Thousands of words have been exchanged on the issue. Those who wish to see the ban lifted seem to come from the very considerable number of South African game ranchers who have successfully, and at no trivial cost, successfully bred rhinos on their properties. Nobody has provided actual numbers, but the ranchers obviously see the potential of the sale of horn into the oriental (mainly Vietnamese) market as being no different than the sale of any other commodity derived from a business venture. The only other sources of income for these ranchers are through tourism or livestock auctions. For those who wonder about the latter, they have been an integral part of the South African game ranch industry for at least twenty years. Ranchers have become expert at rounding up and transporting just about any species that one can ranch.

Among the arguments in favour of the legalization of trade one correspondent suggests that poachers could be taught to breed rhinos and harvest the horn every two years or so. The horn of a white rhino (the commonest species) grows at about 0.9 kg per year and at prices in the $60,000 per kg range that would mean a substantial income from just a few animals. The writer makes the point that the communities that engage in this enterprise would guard their assets with their lives.
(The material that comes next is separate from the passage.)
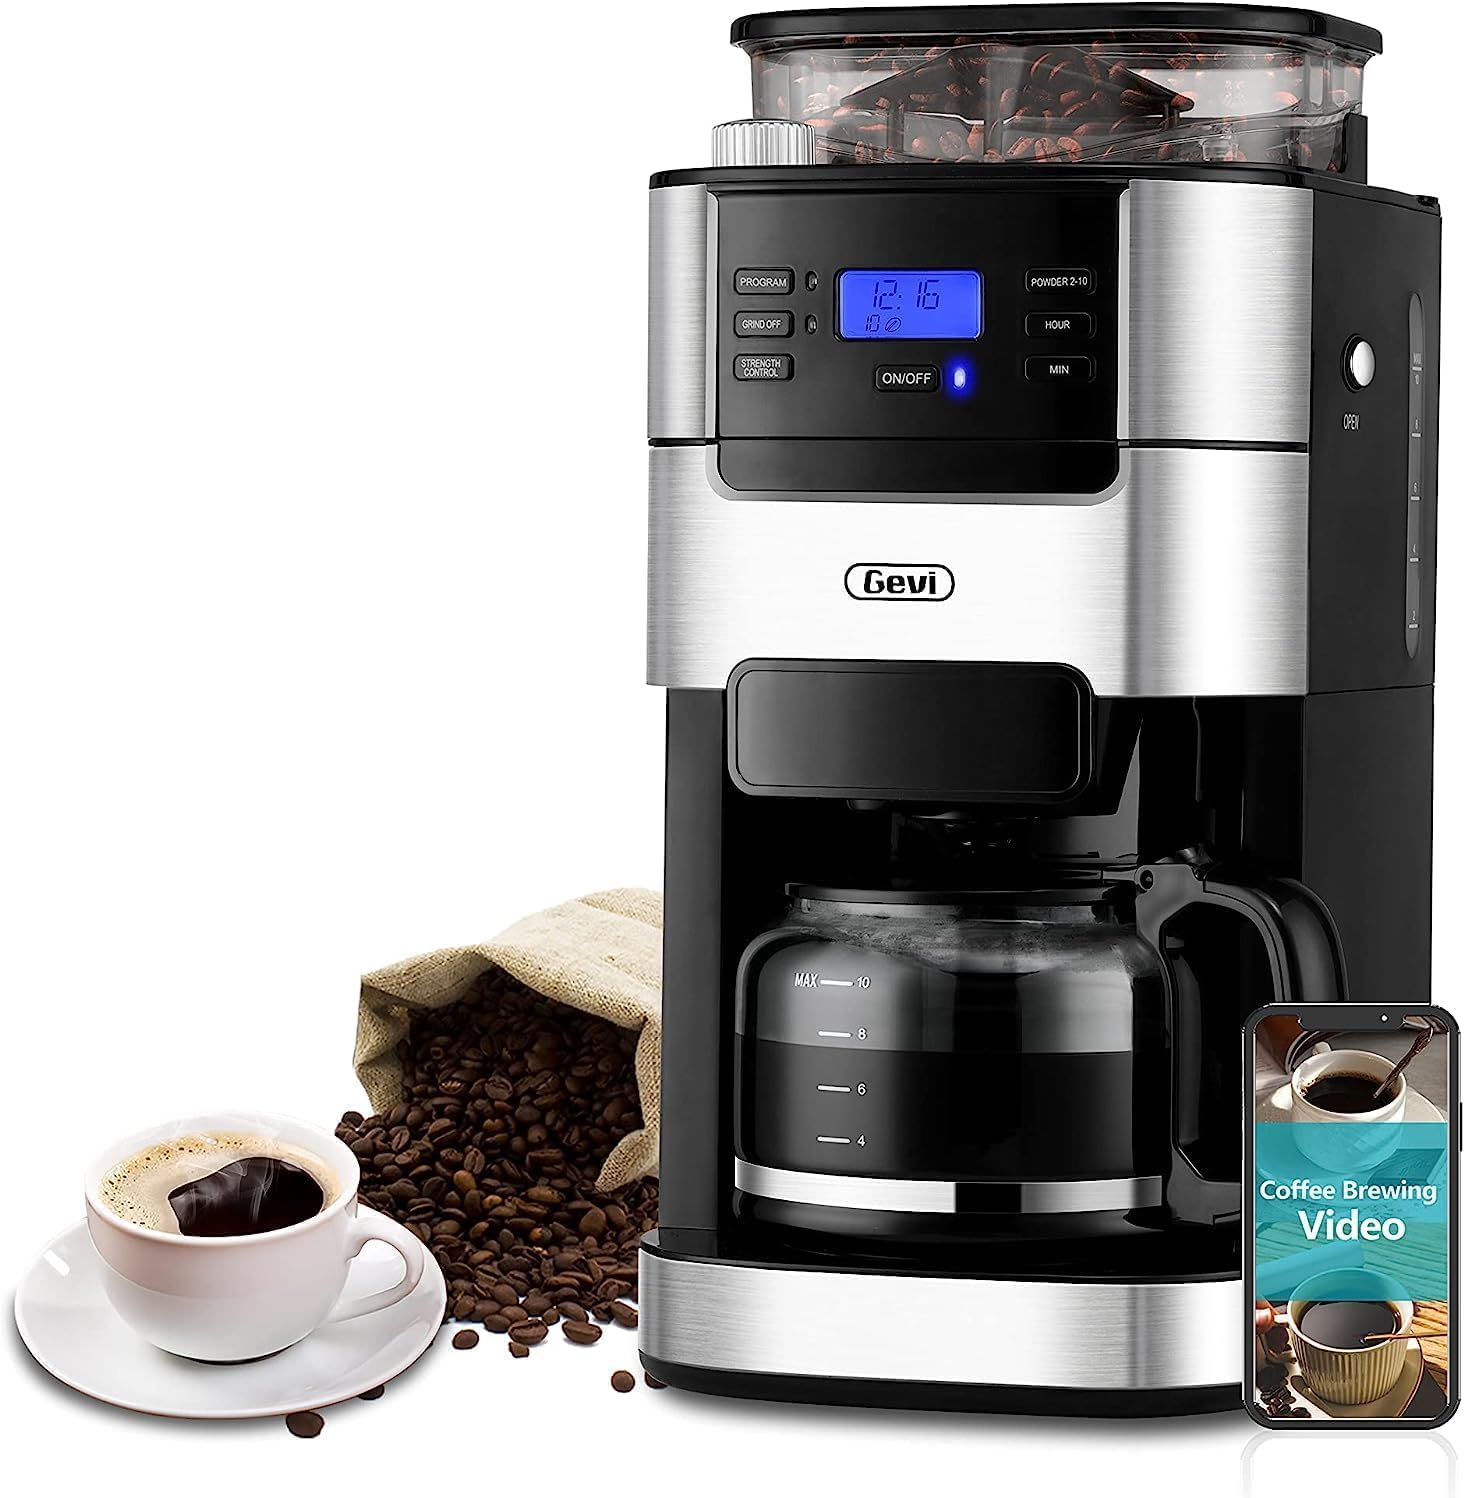 10-Cup Programmable Grind Brew Coffee Maker with Built-In Burr Grinder, Large 1.5L Water Tank, Keep Warm Plate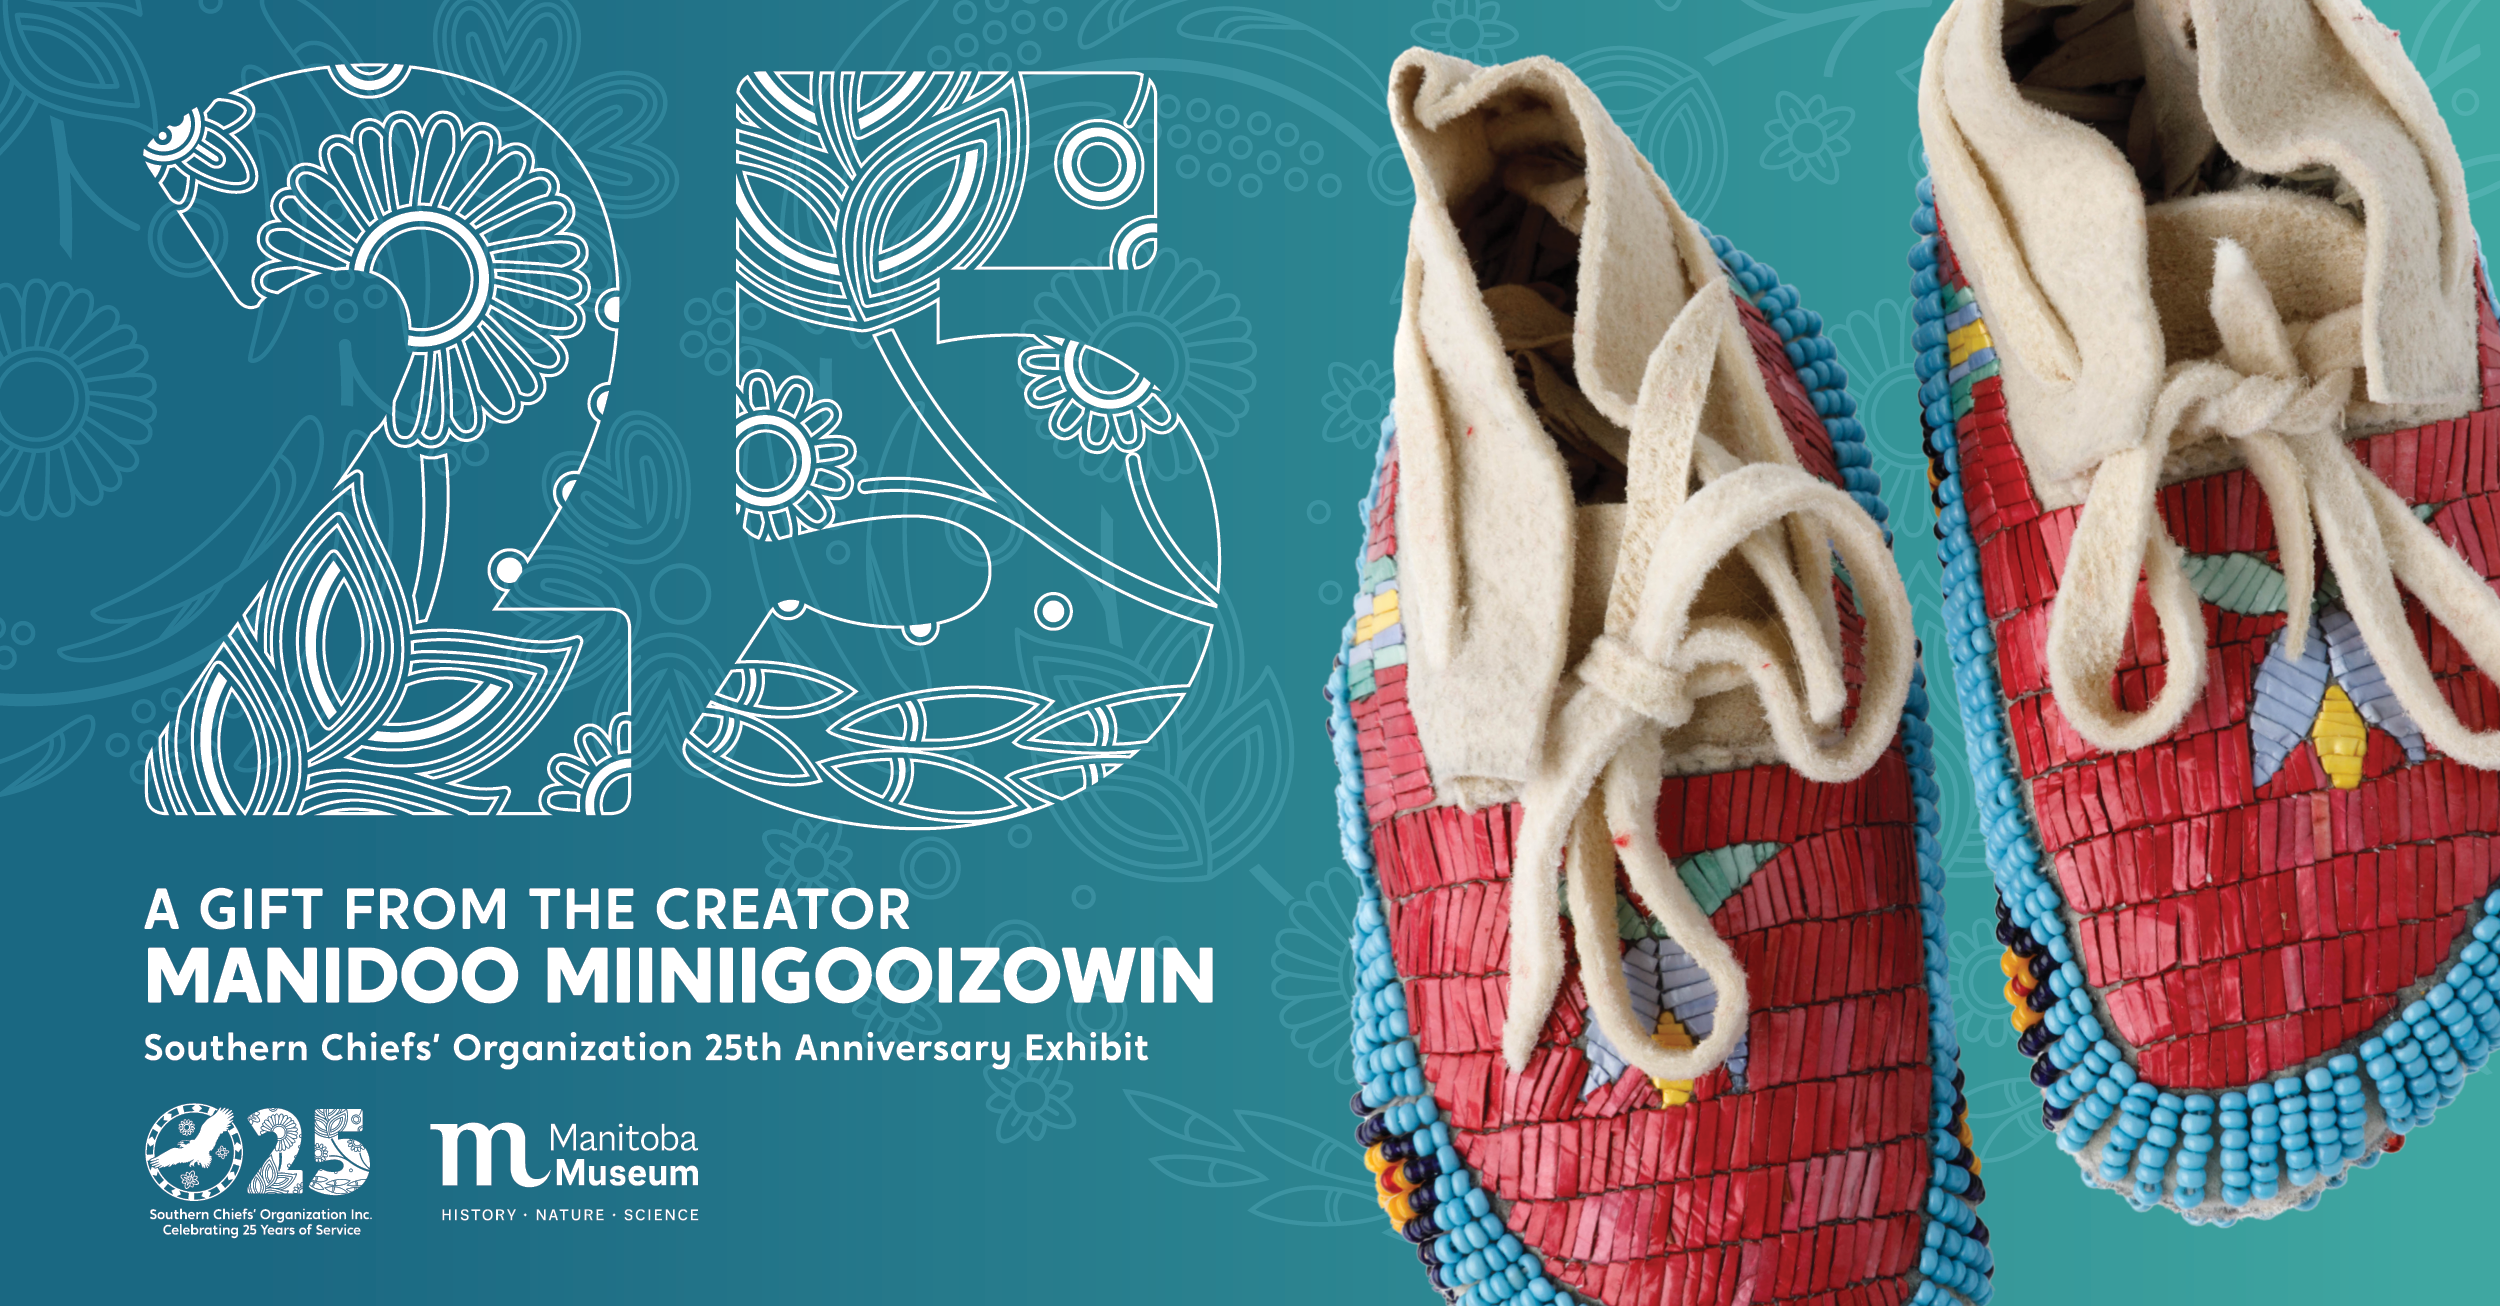 A promo image for exhibit 'Manidoo Miiniigooizowin: A Gift from the Creator'. On a bright blue background to the left, below a large

Those who are against any form of legalization of the rhino horn trade point to the disastrous results of the lifting of the ivory ban by CITES. Nobody (except perhaps those who work within CITES) thinks that the partial lifting of the ban in 1997 has been anything but an utter catastrophe for elephants.  There is a lot of traffic on Internet sites about this mess, and Wikipedia has an interesting look at the long history  of this subject, but I’m trying to focus on the rhino issue here.

There have been some changes in the law and penalties for those who are caught poaching. The Kenya government recently changed their laws so that those found guilty might be fined up to $120,00 and prison terms of up to 15 years. This was quite a change form the previous fine of $480.

Harsh penalties for offenders may help a little, but only a little. The real culprits either live in Vietnam or are middle-men in Africa who make the real profits. They would never risk the actual poaching, which involves killing, hard work blood and so on.  They are the ones who need to be targeted. Of course some of them work inside the various wildlife agencies and park systems, or in the military. They will be much harder to catch, but if not caught the carnage will continue. The actual poacher on the ground may be a man who earns a few dollars a day and is trying to support a family. He may be desperate. If he has killed a few rhino (or elephants) he may have upped his social status a bit, and will therefore be even keener to be involved.